═══ The data
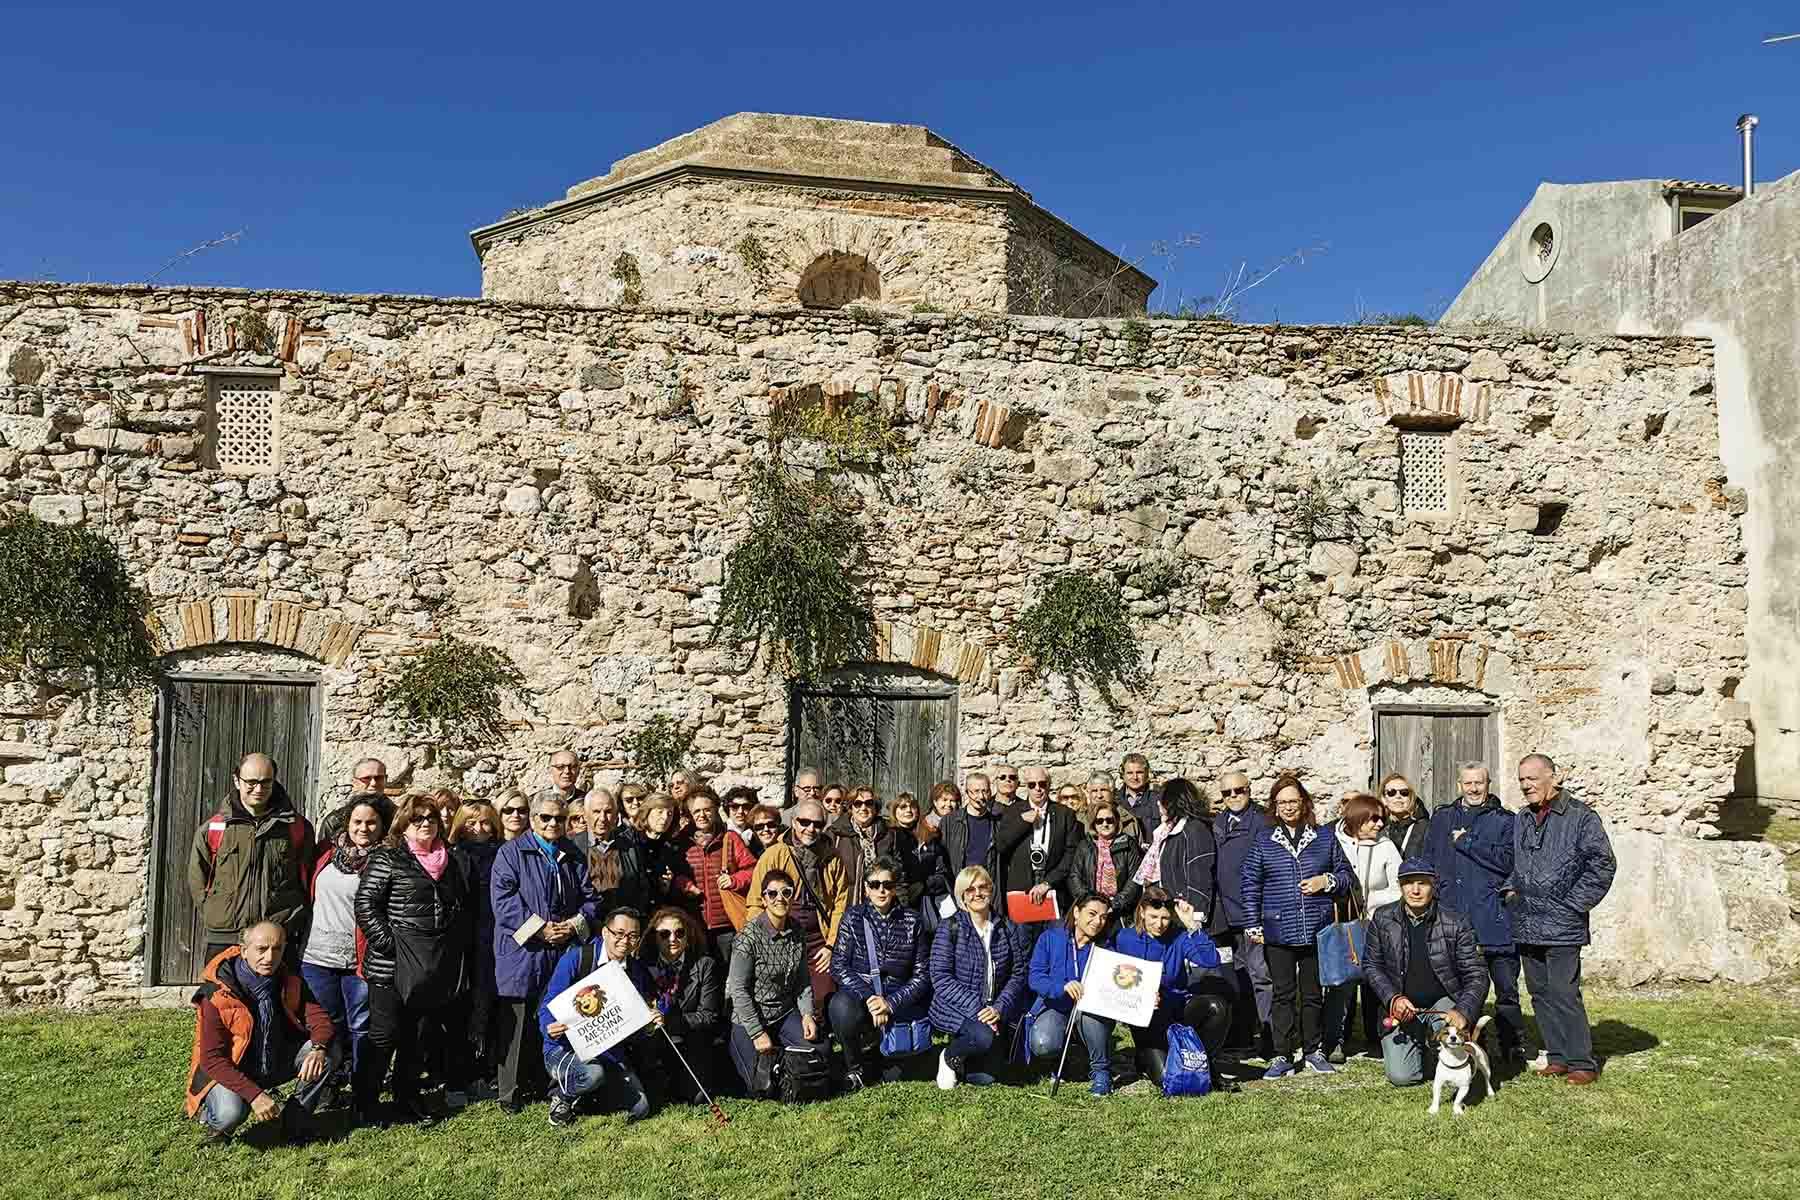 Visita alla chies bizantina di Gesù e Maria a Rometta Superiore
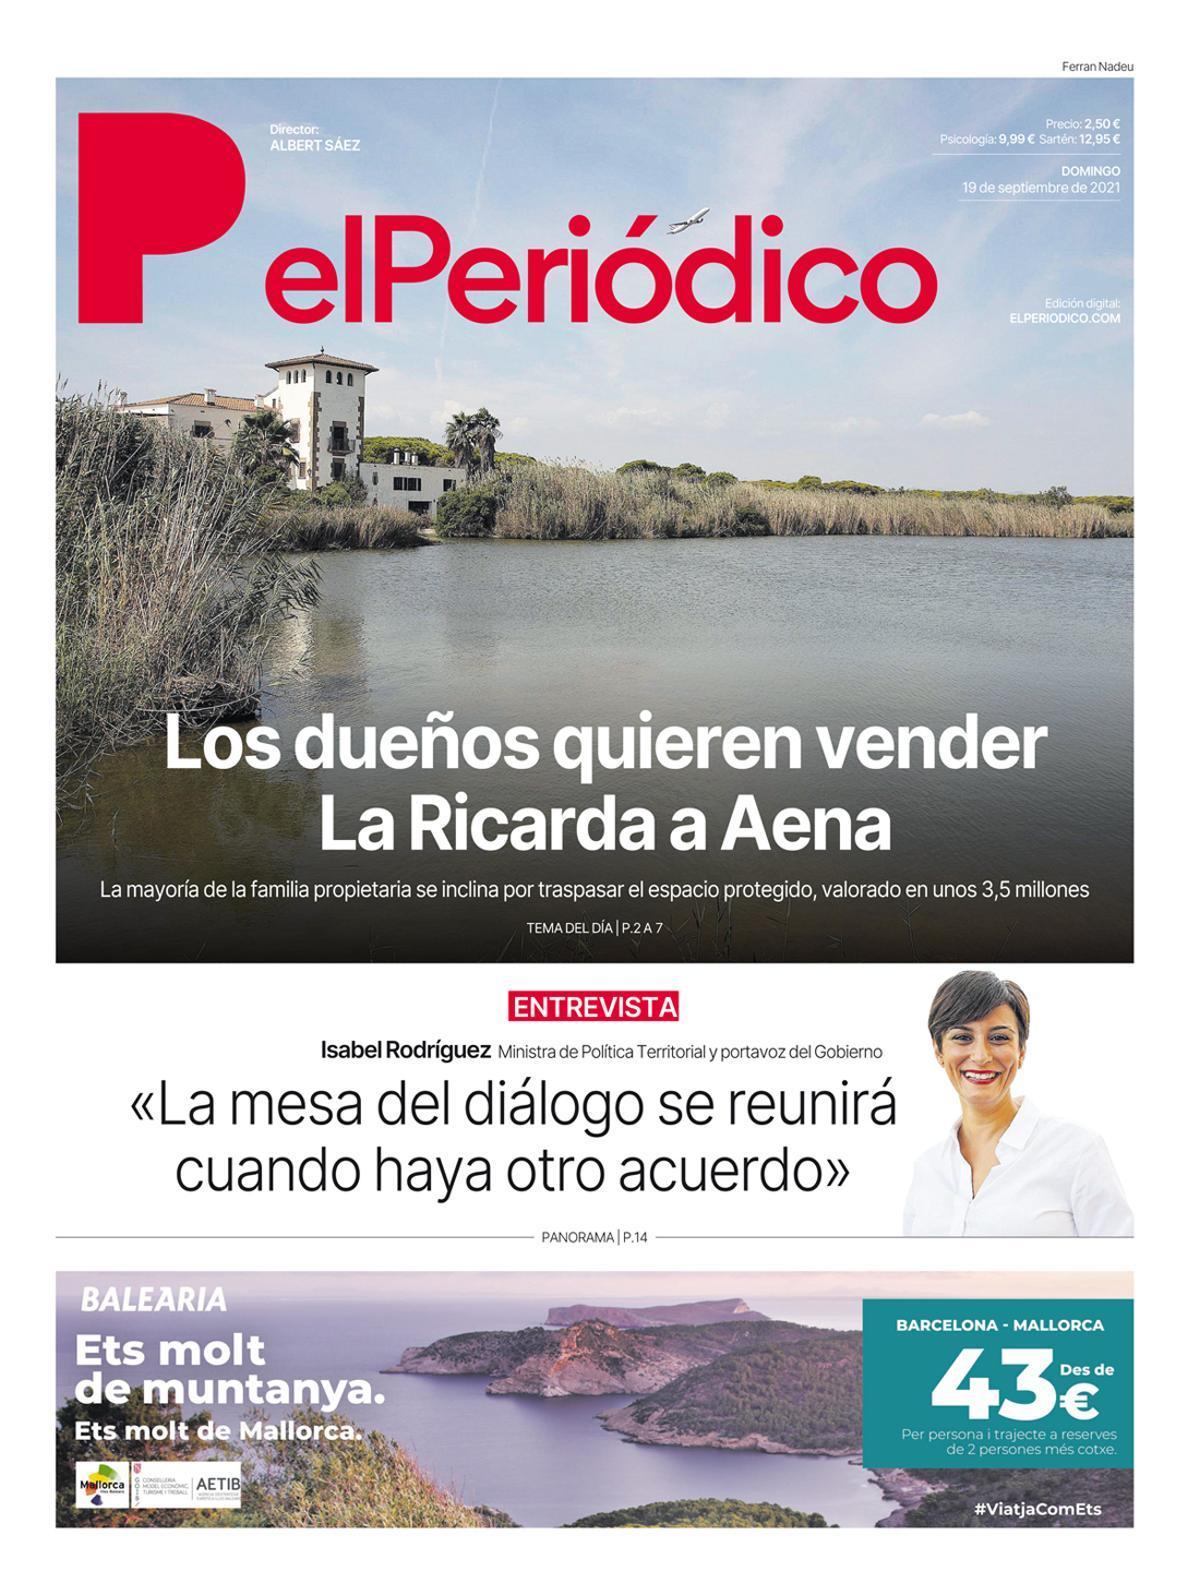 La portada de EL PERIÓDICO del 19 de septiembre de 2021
══════
═══ The data
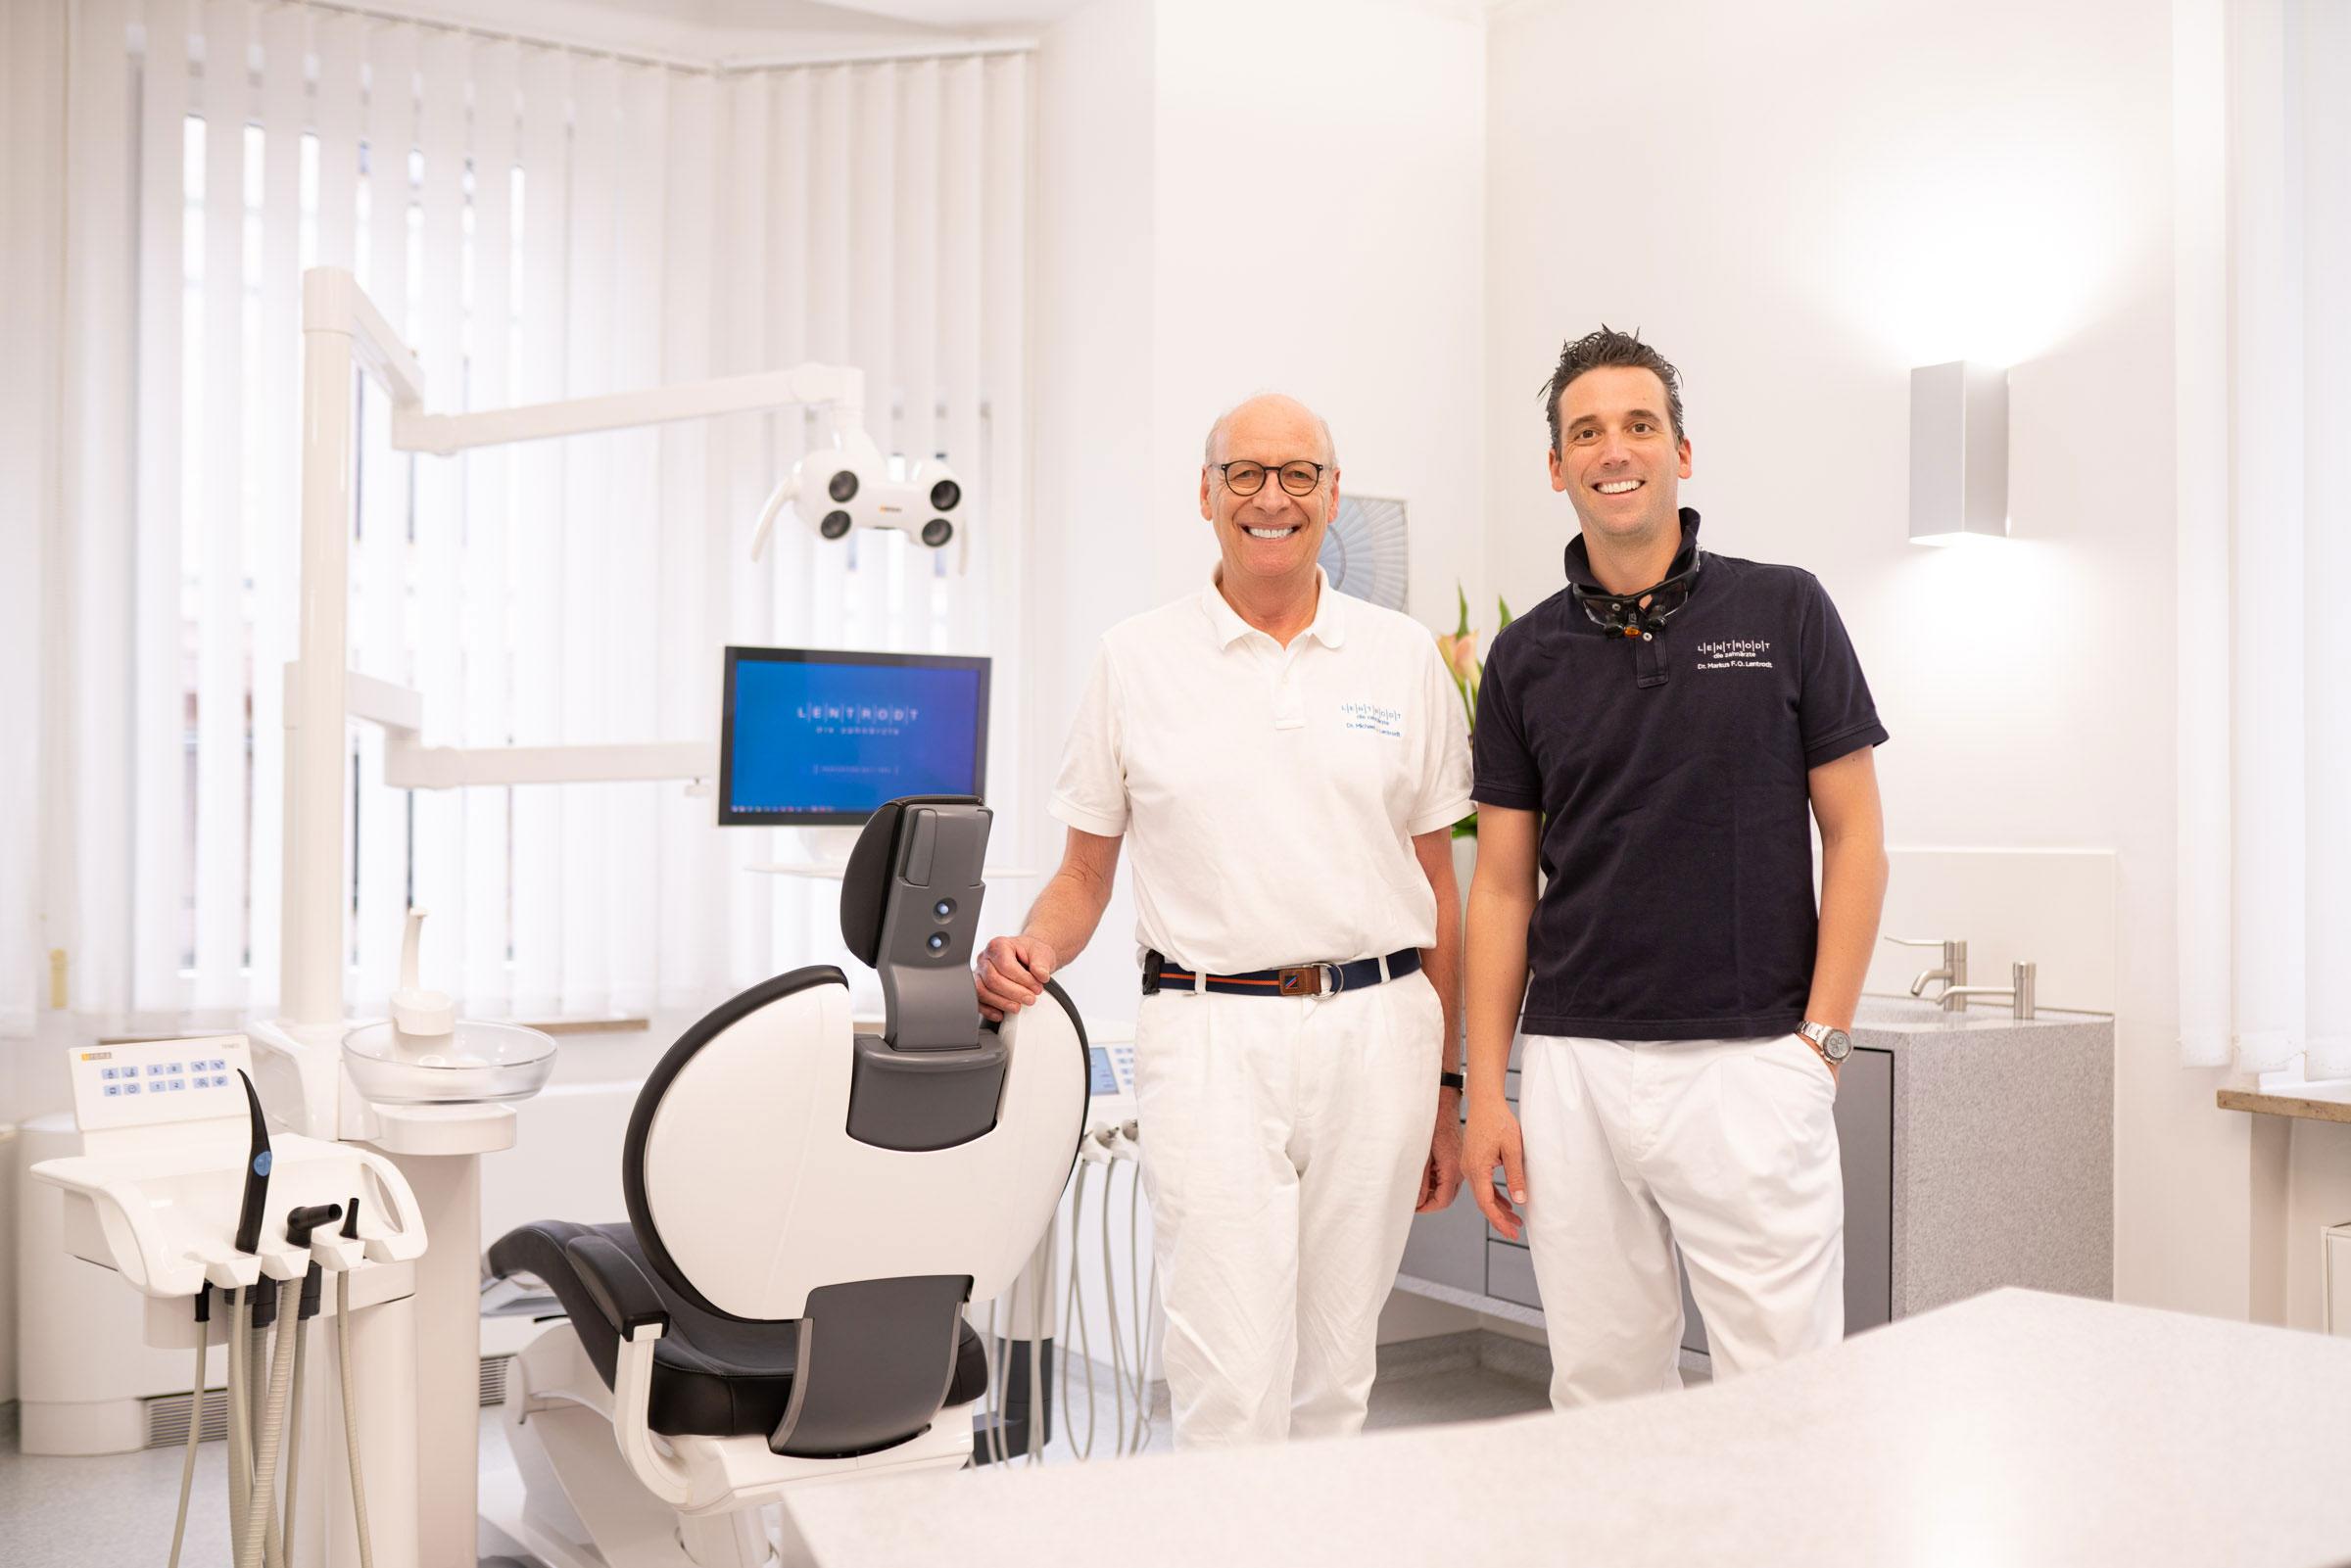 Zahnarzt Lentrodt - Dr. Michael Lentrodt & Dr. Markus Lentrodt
══════
═══ The data
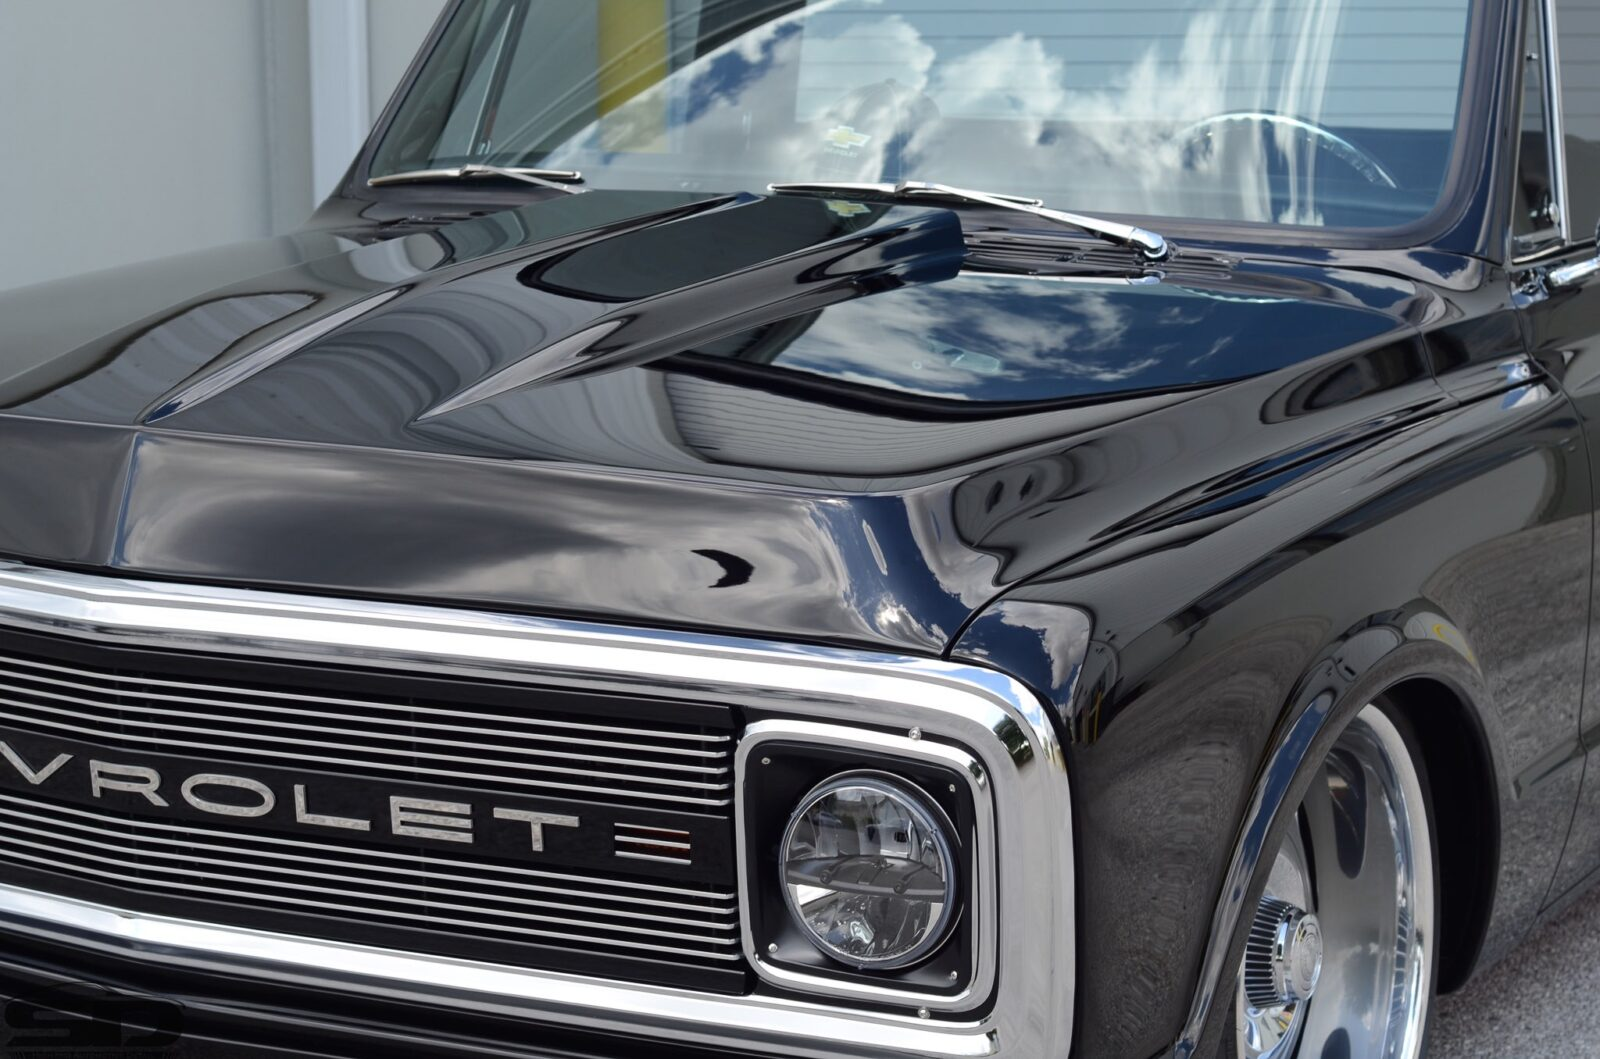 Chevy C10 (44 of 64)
══════
**Your goal**
Output only the stretch above from the line with "Visita alla chies" through the line with "La portada de", reproduced exactly. Exclude pictures.

**Response box**
 Visita alla chies bizantina di Gesù e Maria a Rometta Superiore
 La portada de EL PERIÓDICO del 19 de septiembre de 2021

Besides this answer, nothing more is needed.